The constructor is very easy to use:

>>> from PyCytoData import PyCytoData
>>> exprs = PyCytoData(expression_matrix = expression_matrix,
...                    channels = channels,
...                    cell_types = cell_types,
...                    sample_index = sample_index,
...                    lineage_channels = lineage_channels)

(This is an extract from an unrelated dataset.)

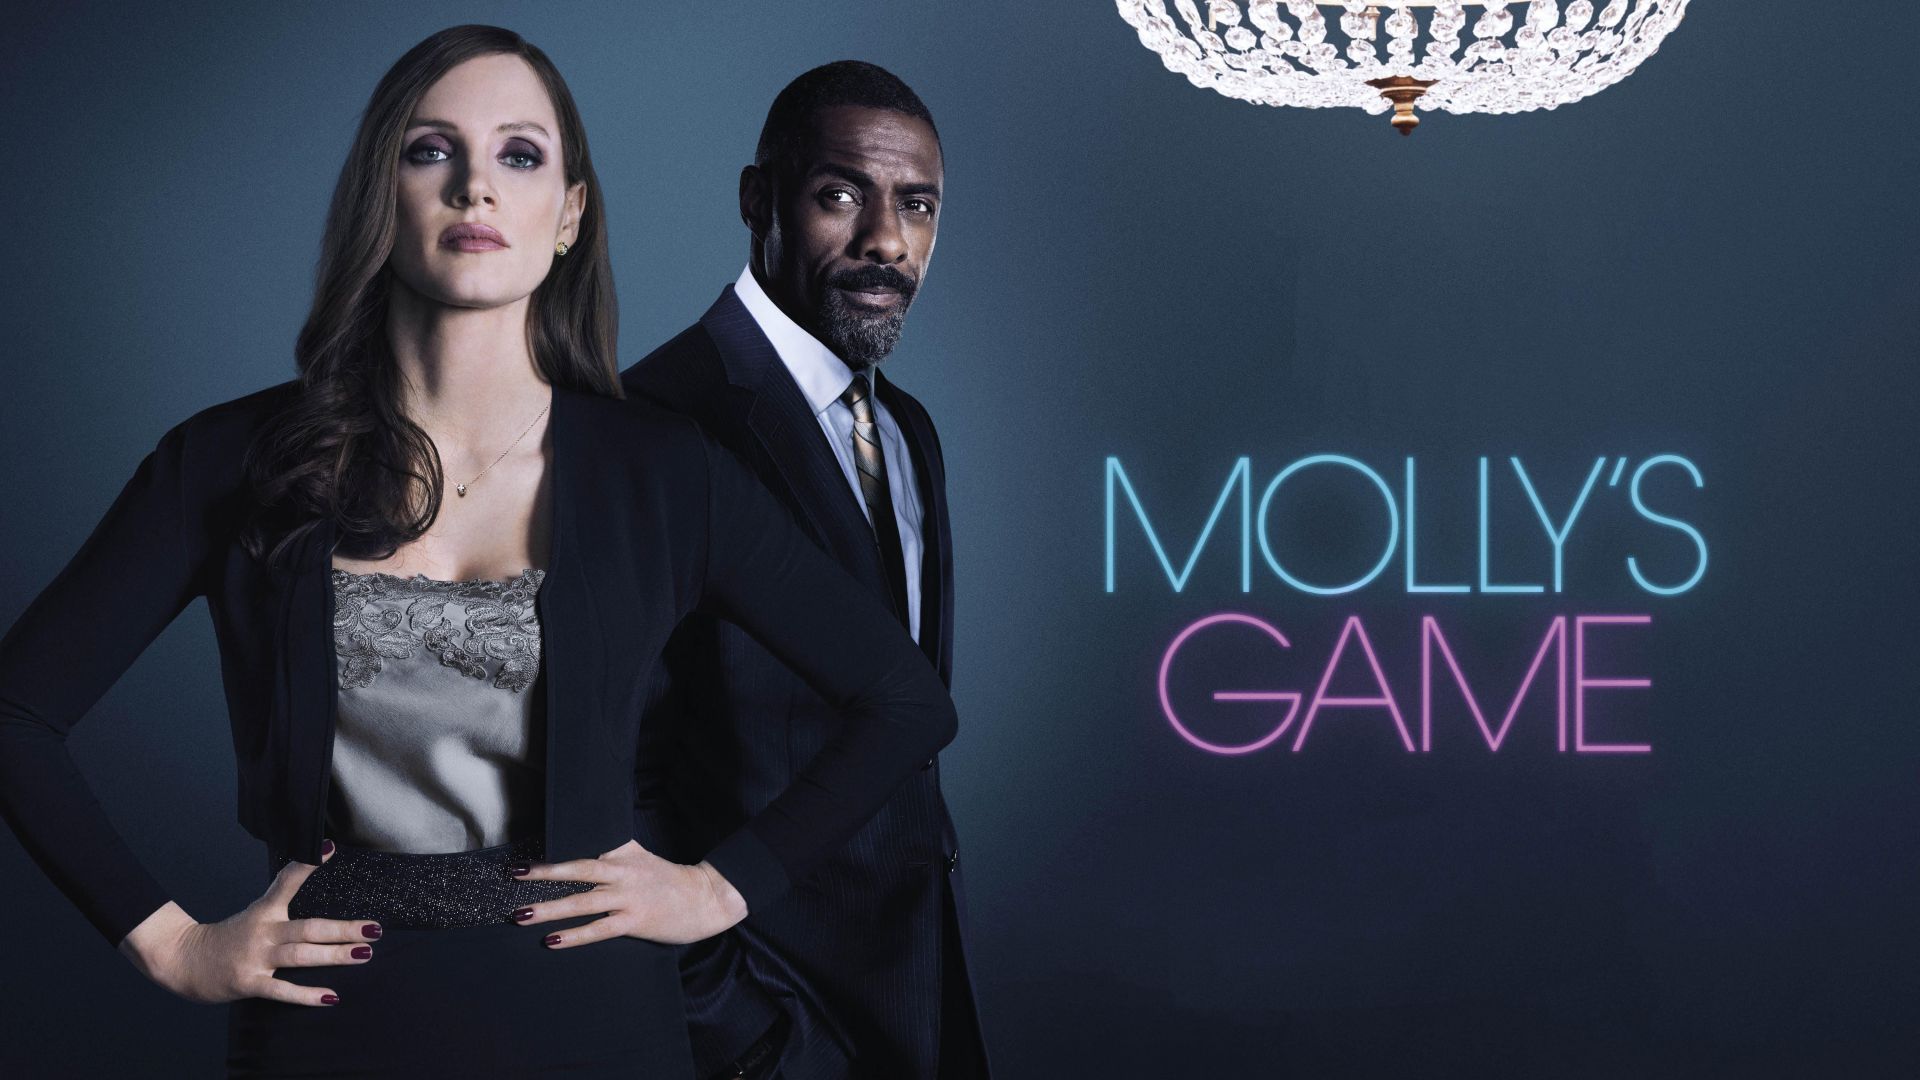 Игра Молли, Molly's Game, Jessica Chastain, Idris Elba, 5k (horizontal)

All the parameters are self-explanatory as well! The only thing that you may be unfamiliar with is lineage_channels, which delineates actual lineage channels from other instrument channels, such as Bead and time channel.


Preprocessing

We offer a full suite of preprocessing workflows at your disposal. The easiest way is simply perform it on your PyCytoData object:

>>> exprs.preprocess(arcsinh=True,
...                  gate_debris_removal=True,
...                  gate_intact_cells=True,
...                  gate_live_cells=True,
...                  gate_center_offset_residual=True,
...                  bead_normalization=True)
Running Arcsinh transformation...
Running debris remvoal...
Running gating intact cells...
Running gating live cells...
Running gating Center, Offset, and Residual...
Running bead normalization...

These are the six steps if you choose to do everything, but you can of course pick and choose. It also depends the dataset you have: if your dataset doesn’t have a lot of instrument channels, it’s likely been processed already! We detect these channels automatically. For more details on each preprocessing step, go look at our CyTOF Data Preprocessing page.


Integration with CytofDR

The good news is that PyCytoData supports a CytofDR interface as an optional extension of this package. After loading in your data and performing all your necessary preprocessing steps, you can run DR methods by simply calling a wrapper:

>>> exprs.run_dr_methods(methods = ["PCA", "UMAP", "ICA"])
Running PCA
Running ICA
Running UMAP
>>> type(exprs.reductions)
<class 'CytofDR.dr.Reductions'>

And then you can perform any downstream DR workflows supported by CytofDR. Of course, if you’re aware of the run_dr_methods methods from CytofDR, you know that this is the “easy” mode. For more advanced usage, you can set the exprs.reductions attribute with a Reductions object. More information on the latter can be found at length on the CytofDR Documentation website.